Energy executives are not celebrating $100 oil, even though it helps their businesses. And it’s not just about bad optics.
On Saturday I spoke in front of the Texas A&M Professional MBA cohort here in Houston.
One of the students had a great question: how are high-profile energy executives navigating the turbulence driving oil to $100 per barrel?
I started off with the understanding that no one is celebrating oil prices at these levels, even if it means more cash flowing into their business.
Yes, it’s bad optics to high five over larger profits while a war’s going on.
But that’s a relatively small reason for the lack of revelry.
Here are six reasons why executives are more than a little uneasy over today’s market:
1️⃣ Short-term negative publicity around profiteering from war
People are dying. Infrastructure is getting destroyed. The costs are grim, and whatever recovery happens afterward will be long and painful. You don’t want to draw attention to any benefit your business may capture as a result.
2️⃣ Short-term demand destruction from higher prices
High gasoline, diesel, and jet fuel prices will suppress consumer spend, reducing demand for products that require oil as a feedstock.
3️⃣ Short-term pressure on capital discipline calculus
US producers spent years rebuilding investor trust through capital discipline. A price spike creates pressure to chase production growth, exactly what they promised not to do.
4️⃣ Long-term uncertainty in the regulatory and geopolitical environment
Does the US introduce new export restrictions? Are more national security-inspired regulations imposed on the industry? Does the federal government take active ownership stakes here like it did with critical minerals?
5️⃣ Long-term demand destruction from impaired economic growth
All war destroys wealth. It has other aims, but an undeniable outcome is wealth destruction. Capital that would have gone to economic growth will now go to rebuilding destroyed infrastructure and replenishing munitions. The broader economy suffers.

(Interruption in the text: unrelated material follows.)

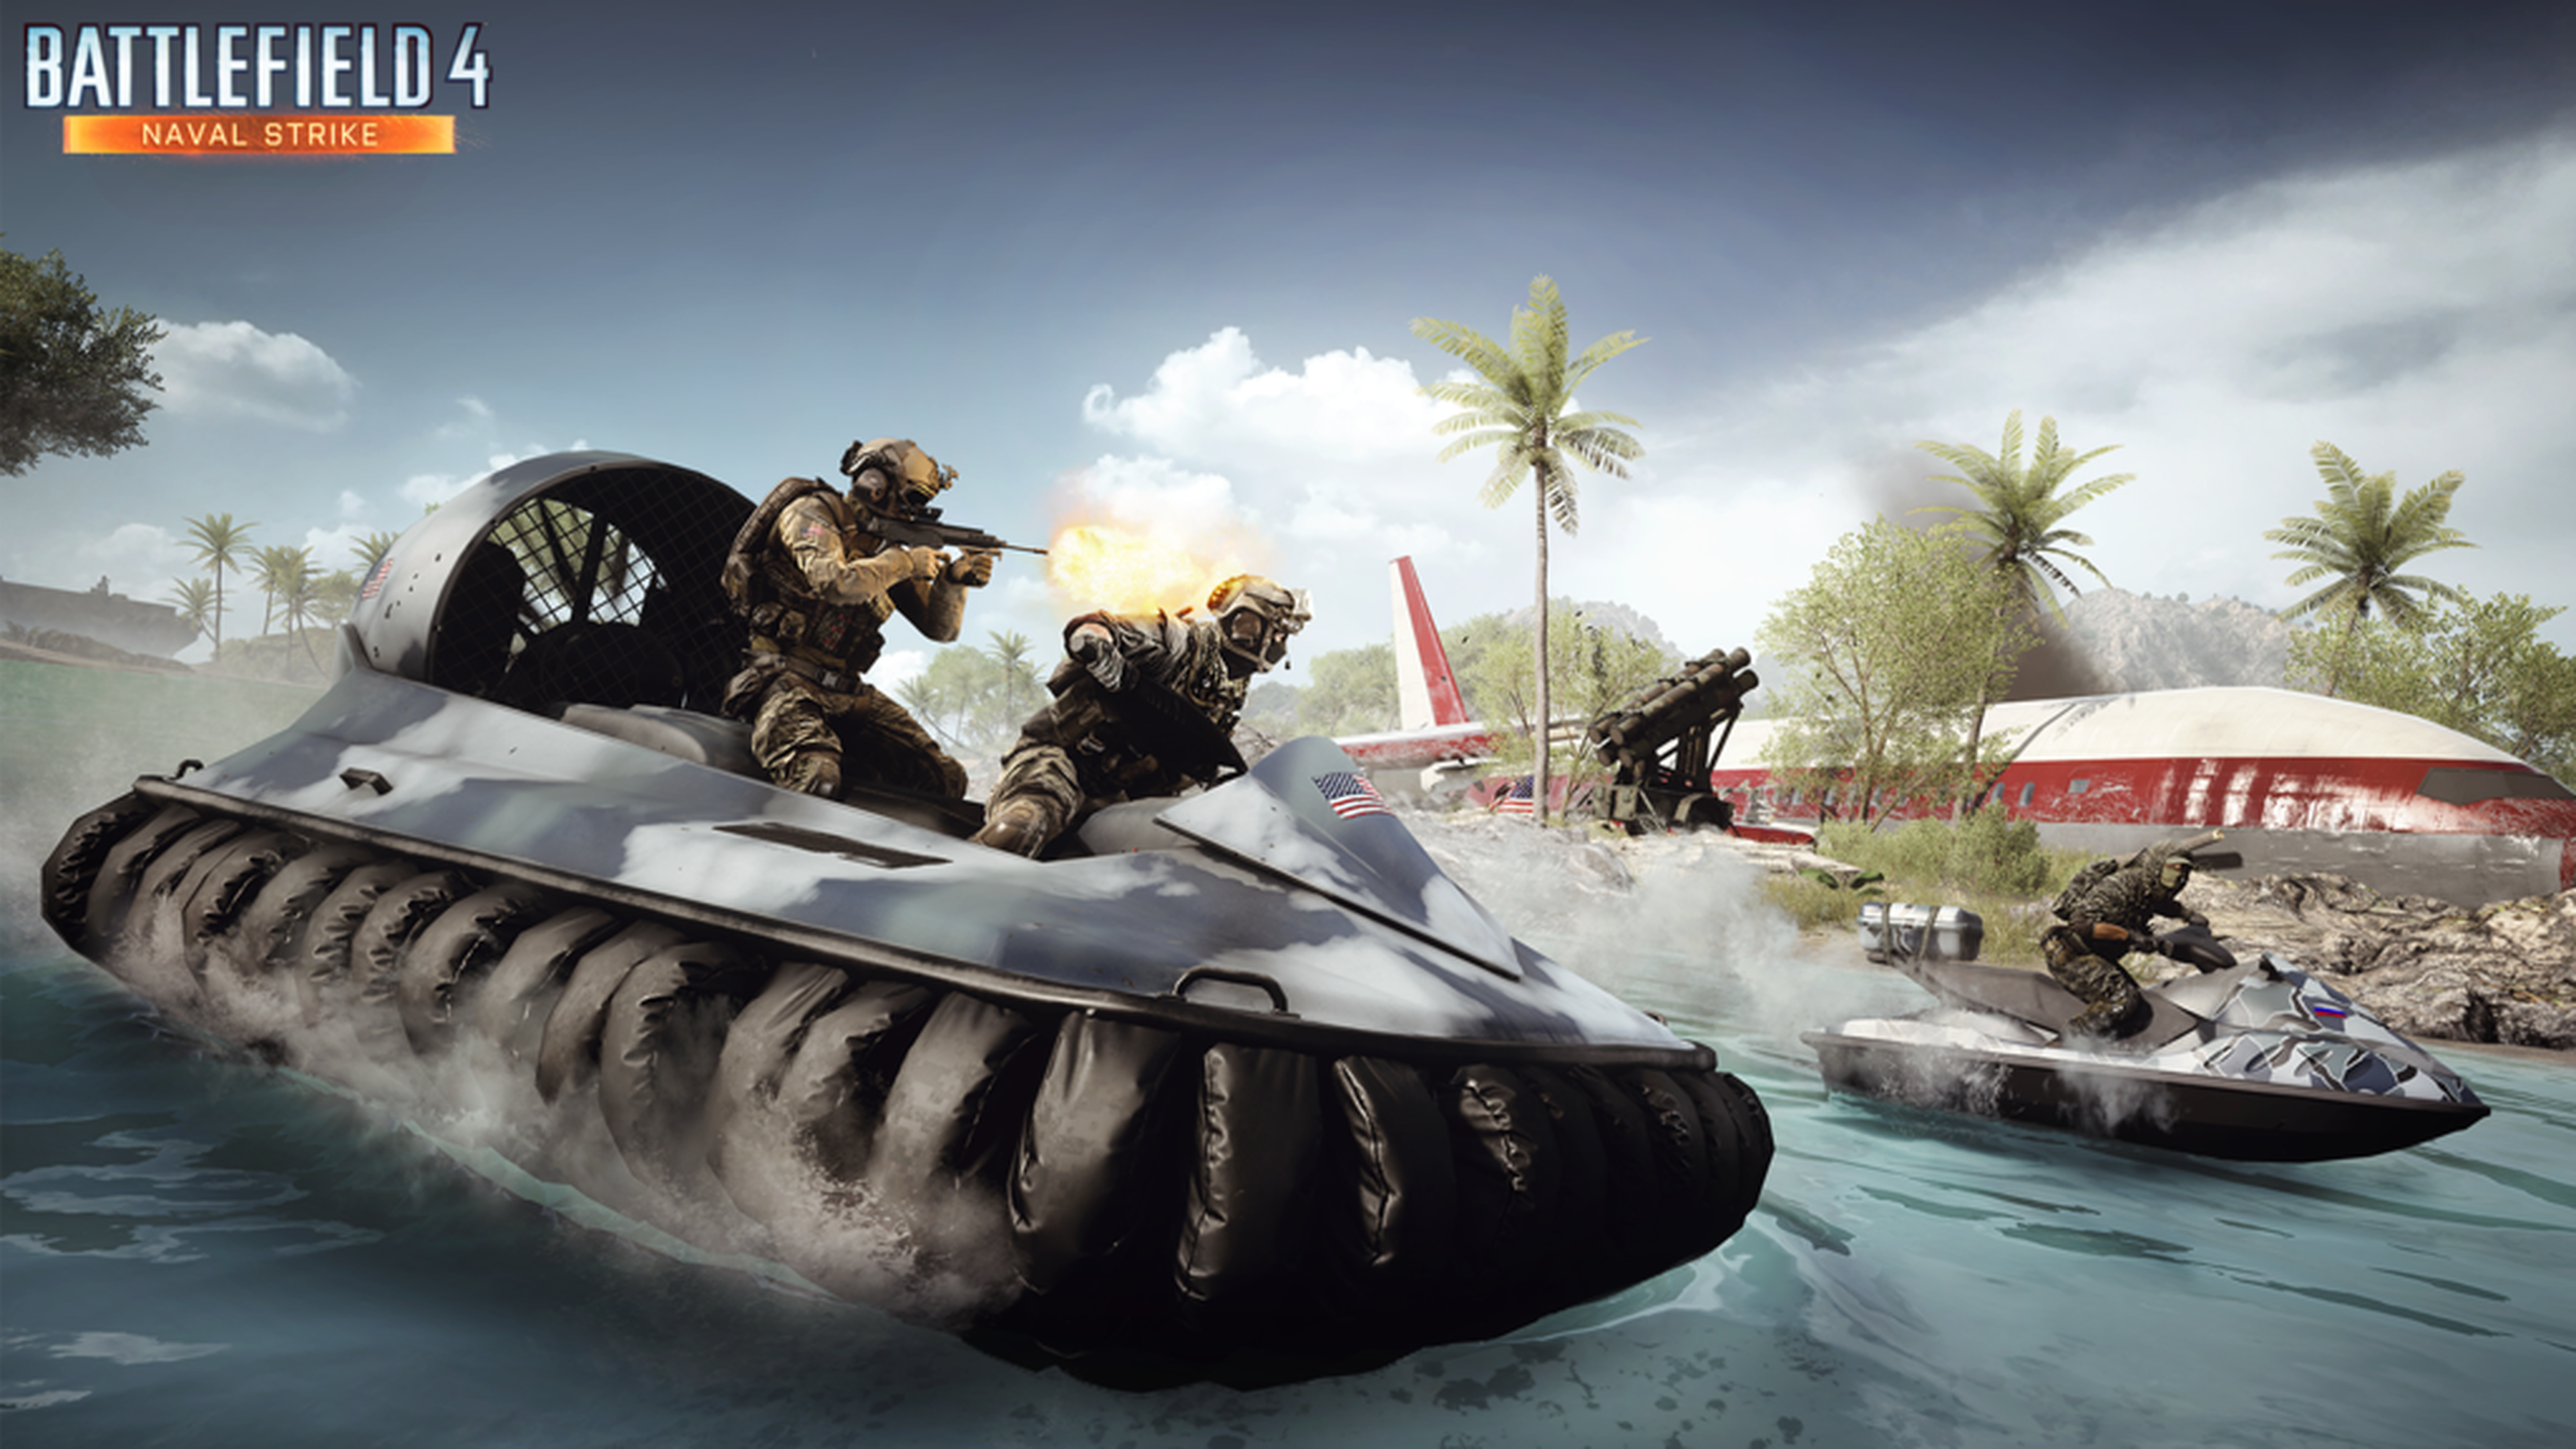 Ya disponible Battlefield 4 Naval Strike para todos los usuarios
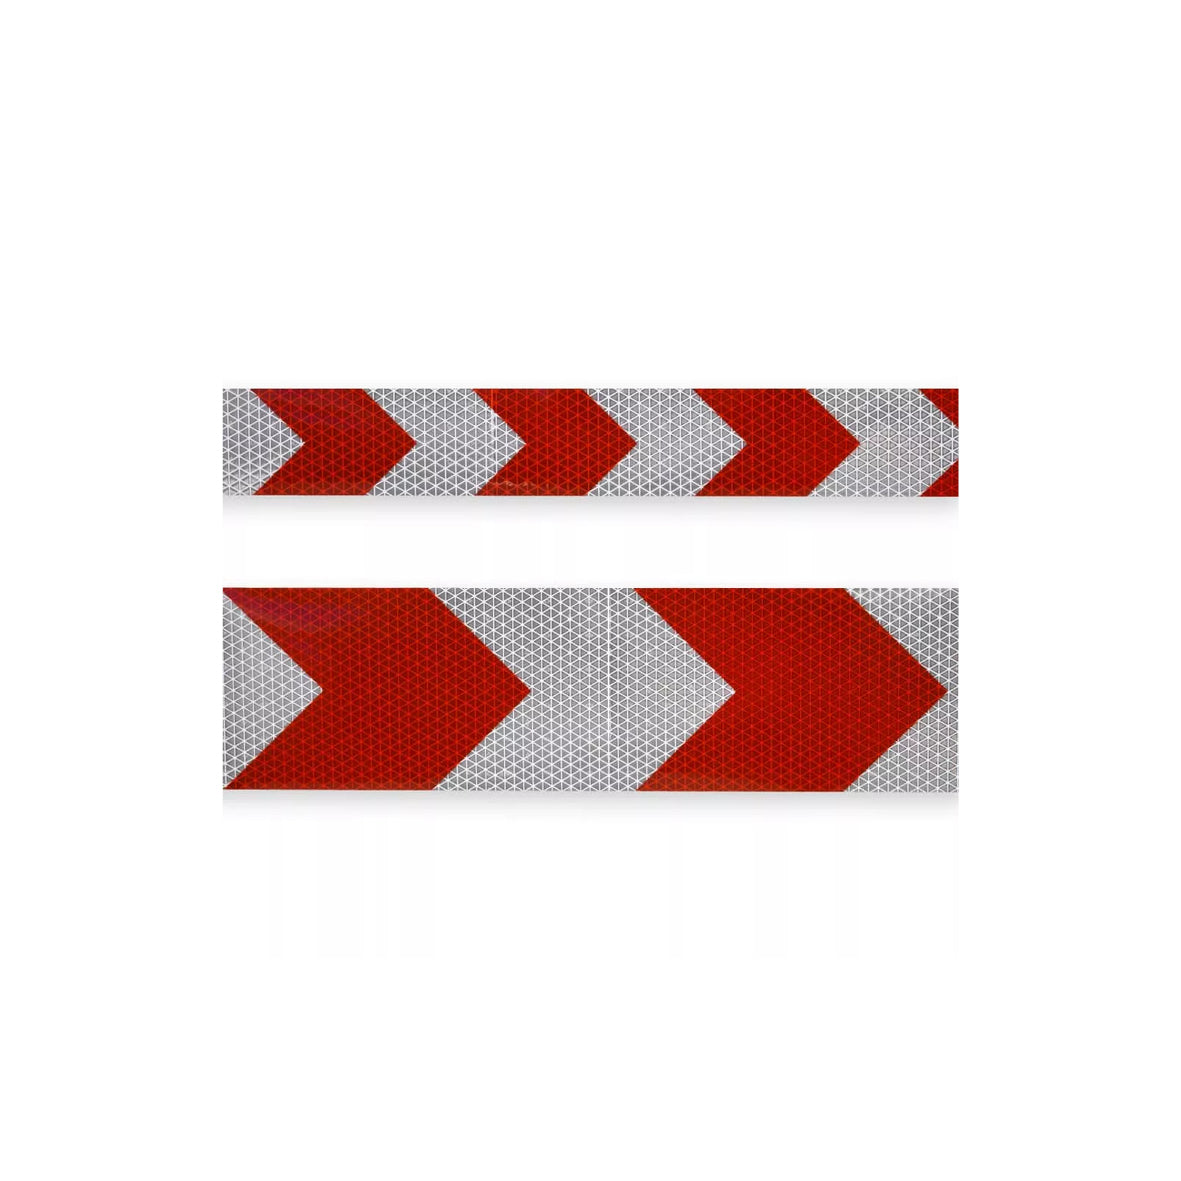 Warnmarkierungsband Chevron R2, für Fahrzeuge, R2, rot-weiss, 1.25 m x 100 mm

6️⃣ Long-term demand destruction from de-risking energy supply chains
7 billion people live in net oil-importing countries. The Iran War is a visceral reminder of the risk of depending on imported oil. On the margin, more countries will invest more aggressively in pivoting their energy mix away from oil than they otherwise would have.
Yes, oil prices have spiked, and oil producer profitability will expand.
But this is a case where a very near-term gain may quickly be overwhelmed by delayed long-term pain.